Volume 21, Number 51 | The Newspaper of Lower Manhattan | May 8 - 14, 2009
Build the W.T.C. now — recessions don’t last for decades
By Dave Stanke
It was never going to be easy. The challenges were overwhelming. Rebuilding the World Trade Center required dedication to a vision. It would require the best of execution. Most of all, it required a commitment to possibilities and the willingness to take risks. The effort to rebuild the W.T.C. was the manifestation of the human struggle to overcome despair.
Now the Port Authority has flinched. Vast sums have been spent but progress is lacking. Silverstein still has the vision and has demonstrated the ability to execute. But with the deep national recession, teetering banks will not risk the capital needed to complete the job. If the Port Authority doesn’t agree to backstop Silverstein’s financing to get the full W.T.C. built, Downtown will have failed, and all of the 9/11 recovery rhetoric will be exposed as meaningless.
In response to a terrorist attack that destroyed 10 million square feet of commercial real estate, a transportation center, a hugely profitable retail center, and the center of Downtown Manhattan; the Port Authority has commissioned a study of office space demand. The Cushman & Wakefield study predicts a dire future for the city. The Port has exchanged vision for excuses. The report is not rational; it is a rationalization for weakness and mistakes.
The Port’s 30-year forecast for the W.T.C. is blatantly biased in support of Cushman’s and the Port’s narrow self interest. In their view, W.T.C. Tower 1 (a k a Freedom Tower) will lease up twice as fast as Silverstein’s more marketable Tower 2. C & W does not project the start of construction on Tower 3 until a year after Tower 2 is full. This would leave five years with no available office space at the site! They believe that the city can add just three office buildings over four business cycles. Cushman and Wakefield should consider downsizing itself, not the W.T.C.
A year ago, everyone was looking for ways to expand commercial real estate for a growing economic base. Cushman, real estate developers, City Hall, corporations, newspaper owners — every major player in the city — was desperate to develop. Now, just a year later, we don’t need new office buildings for 30 years? The mayor and many others project a recovery starting in a year or so.
When a business wants to take a direction, they commission a study with a predetermined result. This study is a rationalization for controversial decisions and a distraction from past mistakes. The Port Authority doesn’t want to support Silverstein in the rebuilding of the W.T.C. They paid Cushman & Wakefield to cover themselves.
I have supported the Port Authority’s efforts to expand transportation and retail for Downtown. In the post 9/11 recession, Downtown was abandoned by businesses and residents. The need for expansion was not obvious.
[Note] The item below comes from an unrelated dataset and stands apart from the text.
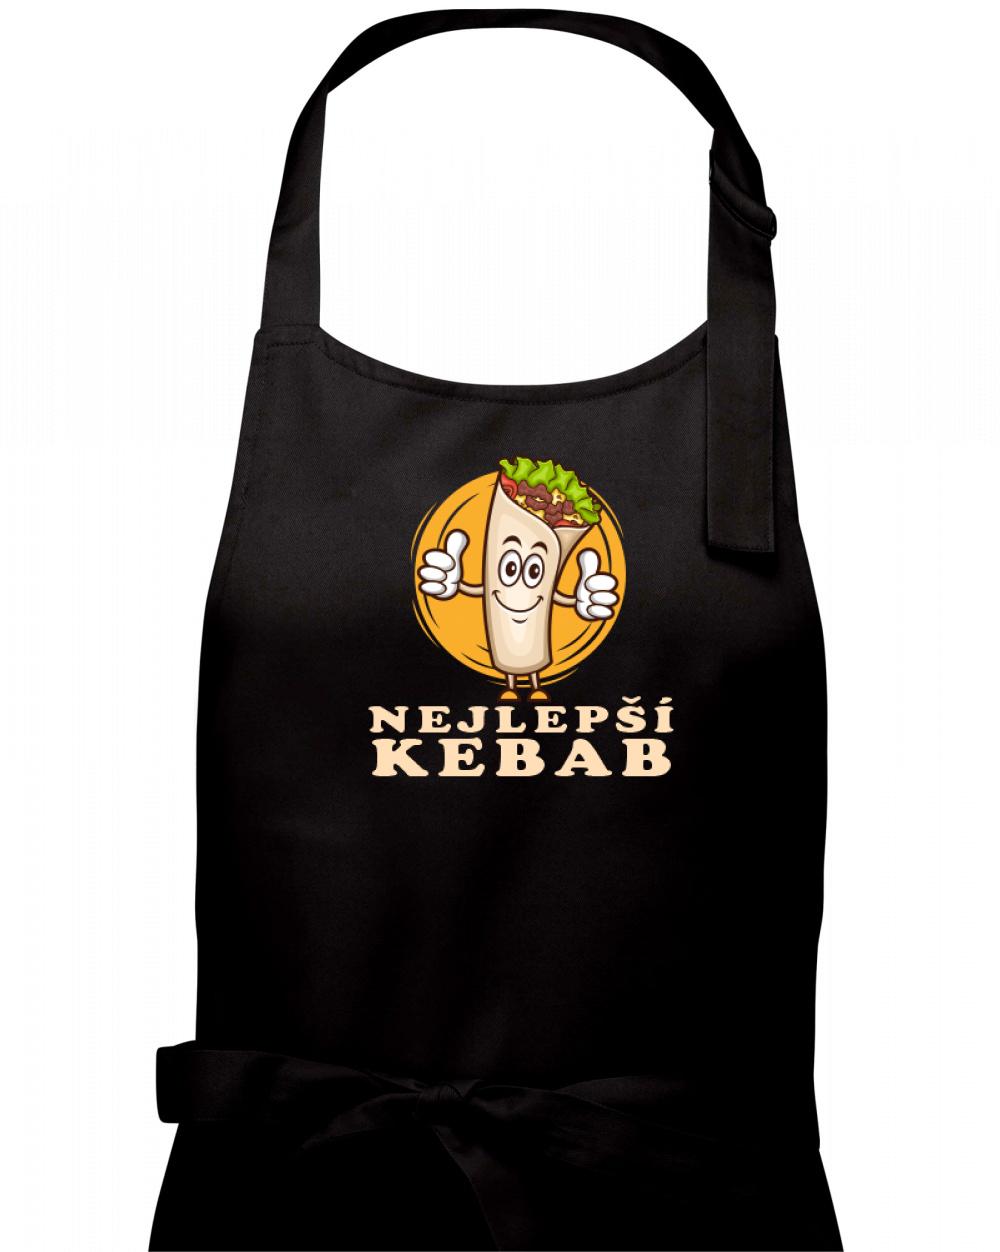 Nejlepší kebab - Zástěra na vaření

The proverbial 9/11 family activists opposed Path train expansion because it would cover a few of the “historic” Twin Tower column footings. On their own project, the Port Authority went forward with the expansion.
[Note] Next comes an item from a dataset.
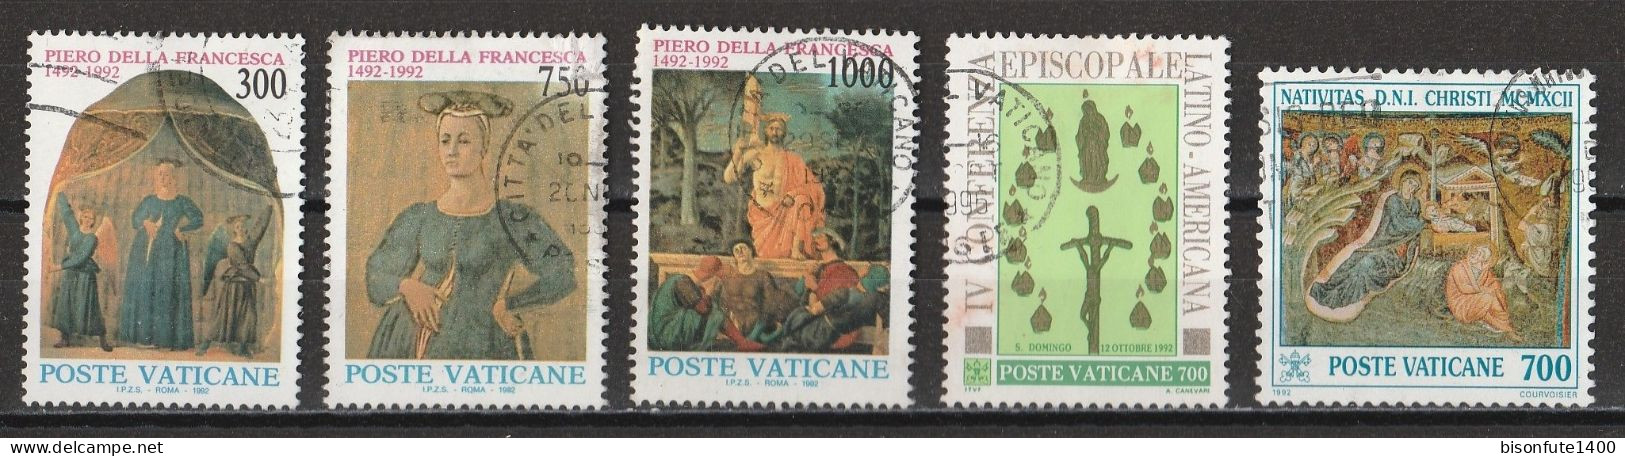 Vatican 1992 : Timbres Yvert & Tellier N° 926 - 927 - 928 - 936 Et 938 Oblitérés. - Oblitérés

I joined fellow community members to challenge decisions that have cost the Port (and the public) hundreds of millions of dollars. The size and placement of the memorial have consumed vast areas of W.T.C. infrastructure, forcing investment in a completely new bathtub. The Port is still struggling with technical hurdles to clear the new bathtub . . . and is still paying. Why, after years of fiscal irresponsibility, are they suddenly pulling back now?
Despite the Port’s negative prognosis, it has numerous plans to expand transportation into the city. In the midst of a serious recession, every one of their transportation projects could be postponed. If we don’t need the commercial center Downtown, why do we need expanded transportation?
The Port Authority’s capital plan says “the New York-New Jersey region is experiencing remarkable growth. By 2020, our region will be home to 1.6 million more residents, 1.4 million more jobs, and a $500 billion increase in its Gross Regional Product.” This 2007 to 2016 capital budget anticipates $29 billion of investments, including $8.4 billion on the W.T.C. and Path Hub.
If the C&W negative prognosis has any validity, the Port should take a hatchet to its budget. The Port should cancel all expenditures on the Path hub.
If the full plan moves forward, it will be a smashing success. Silverstein has executed on every one of his projects. Seven W.T.C. is evidence of that. He got 1 W.T.C. going despite numerous hurdles and redesigns. Now progress has slowed with the Port at the helm. From philosophical, business and urban planning perspectives, we need to build out the W.T.C. A completed W.T.C. will enhance everything on site and around it. Further delays, redesigns, and scaling back will put a ball and chain around the future of Downtown.